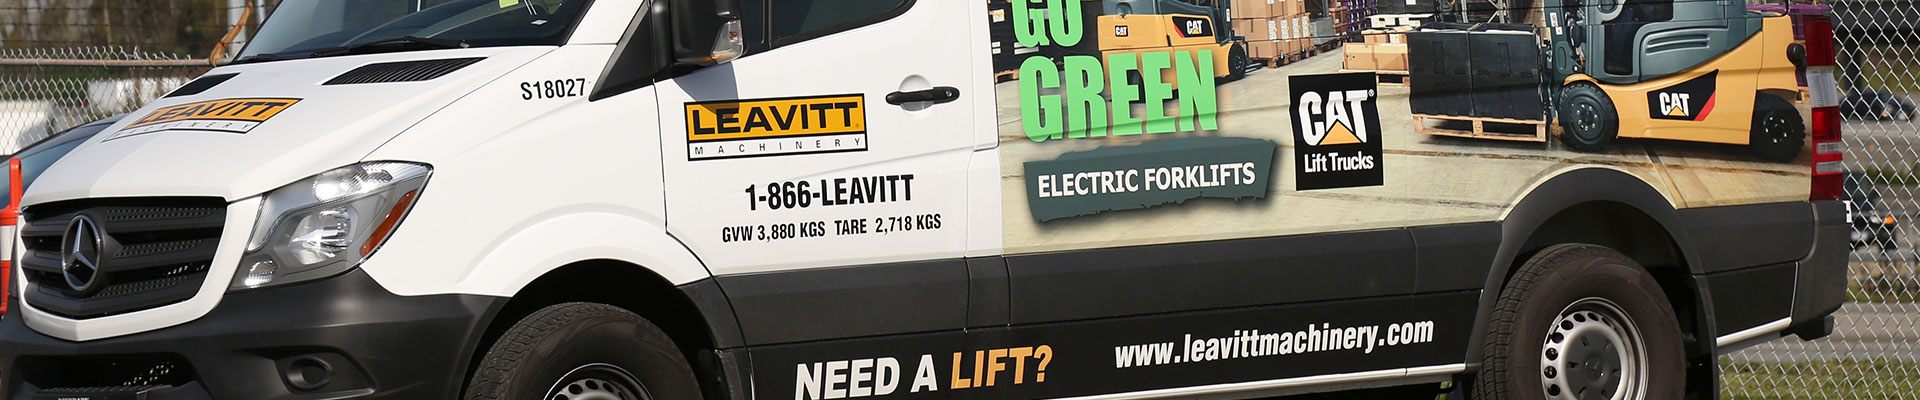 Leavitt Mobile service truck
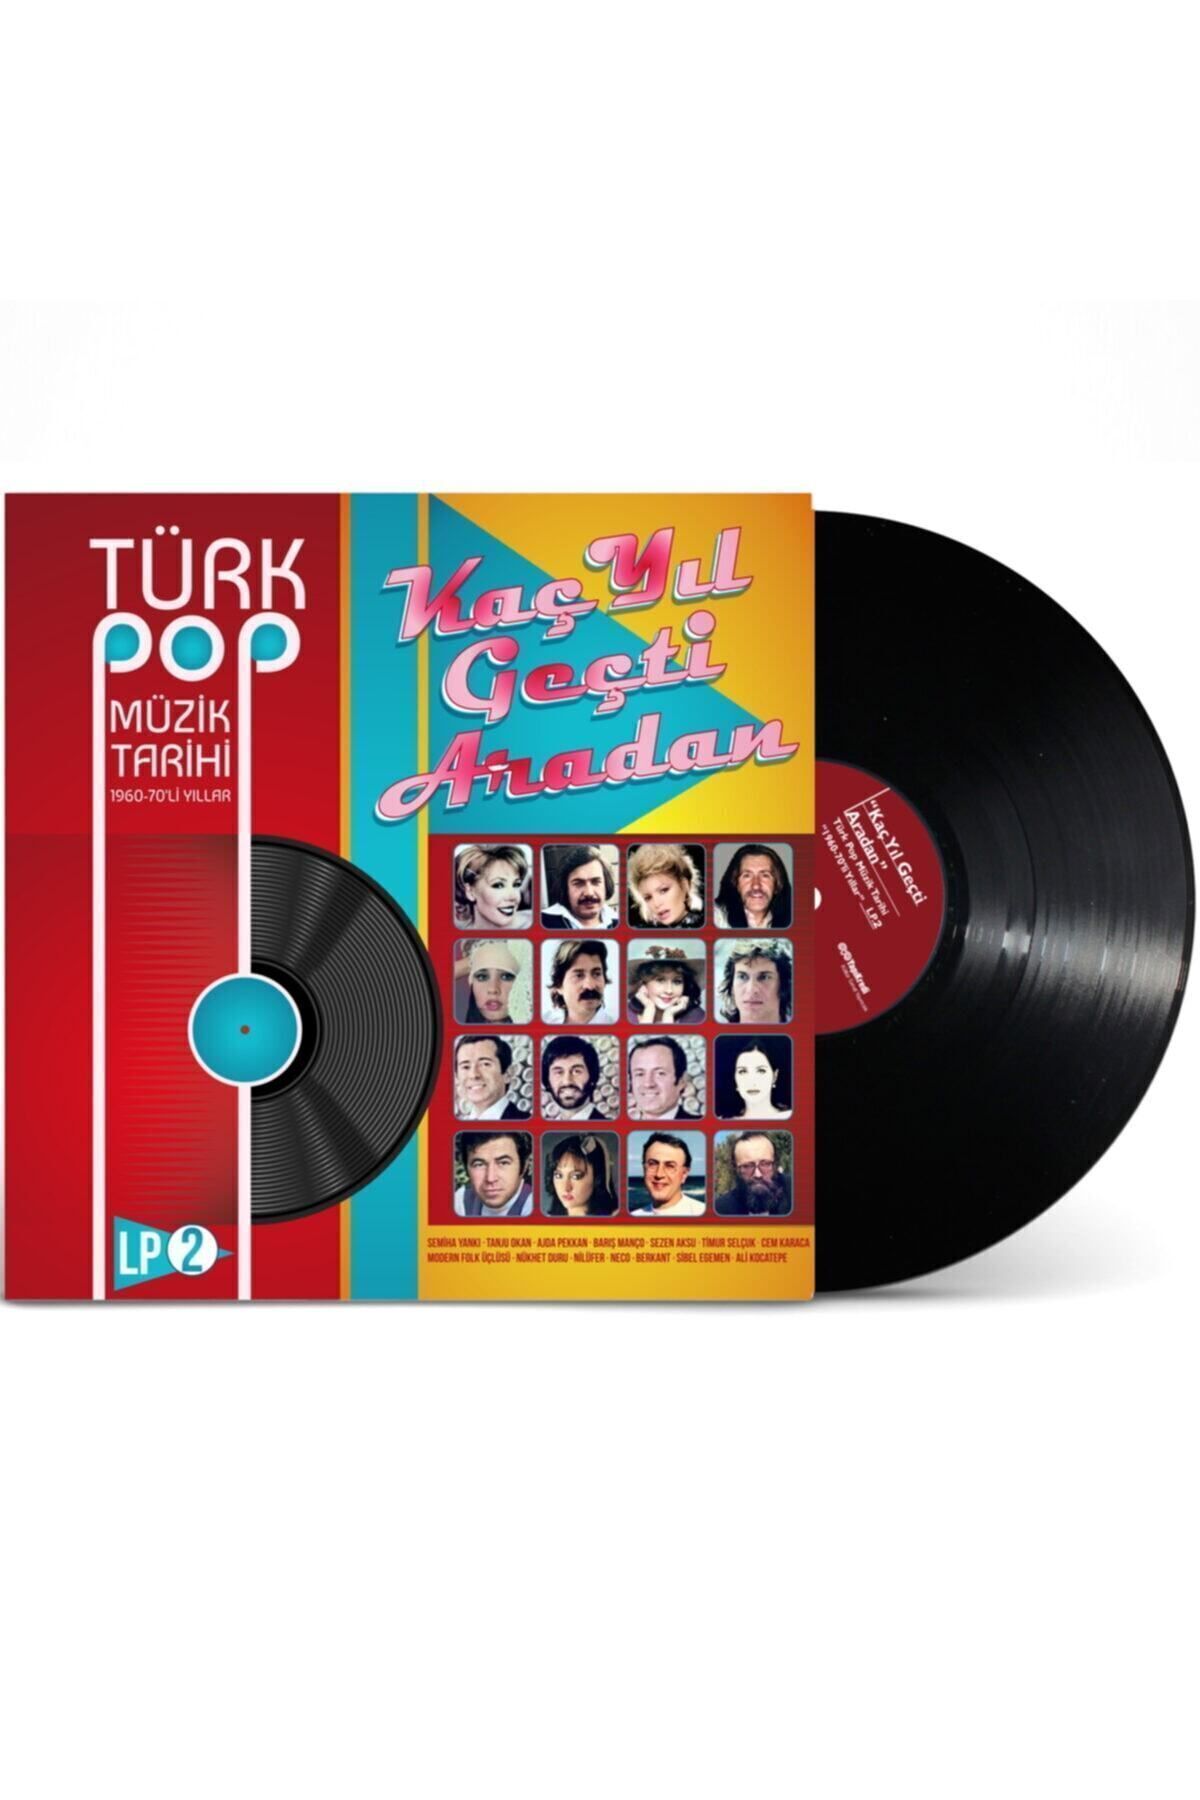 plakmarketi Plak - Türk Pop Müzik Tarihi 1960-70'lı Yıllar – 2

::::

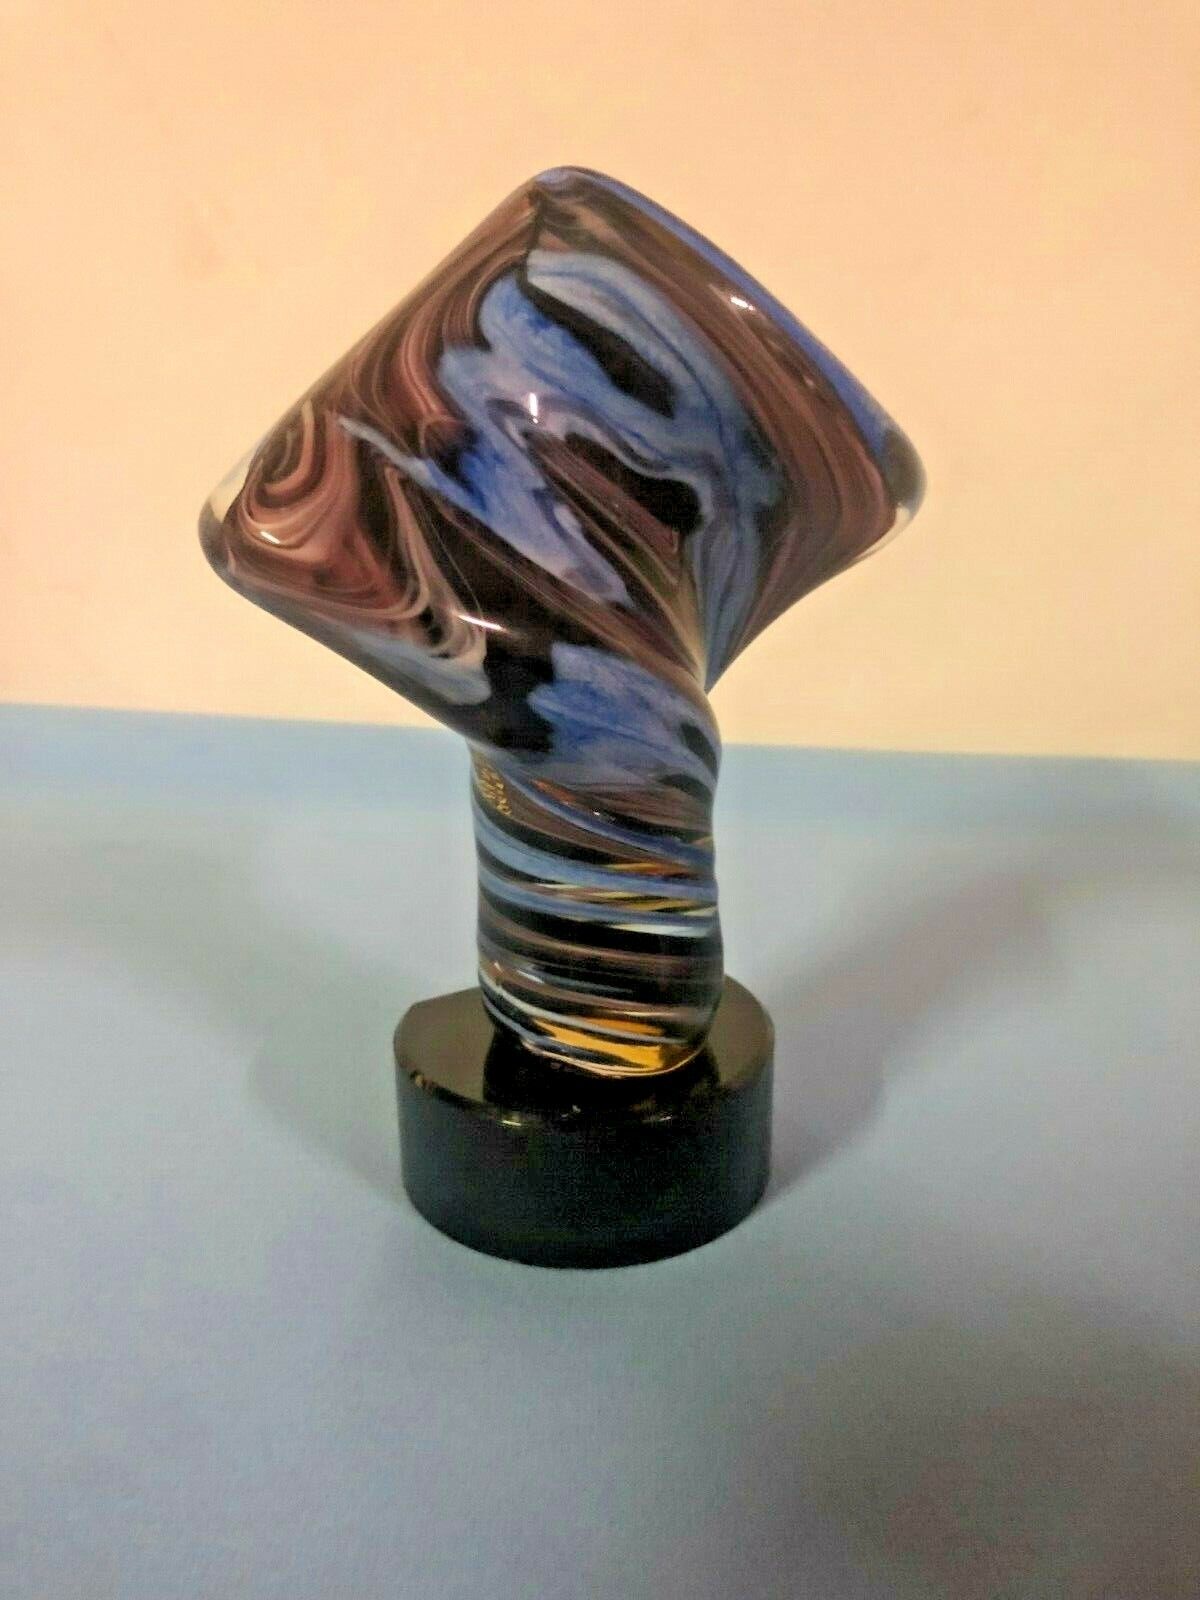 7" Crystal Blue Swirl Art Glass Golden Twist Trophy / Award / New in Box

::::

**What is expected:**
Give again, exactly as written above, each line from the one that has "Leavitt Mobile service truck" to the one that has "plakmarketi Plak - Türk", both included; omit the pictures.

**Completed task:**
 Leavitt Mobile service truck
 plakmarketi Plak - Türk Pop Müzik Tarihi 1960-70'lı Yıllar – 2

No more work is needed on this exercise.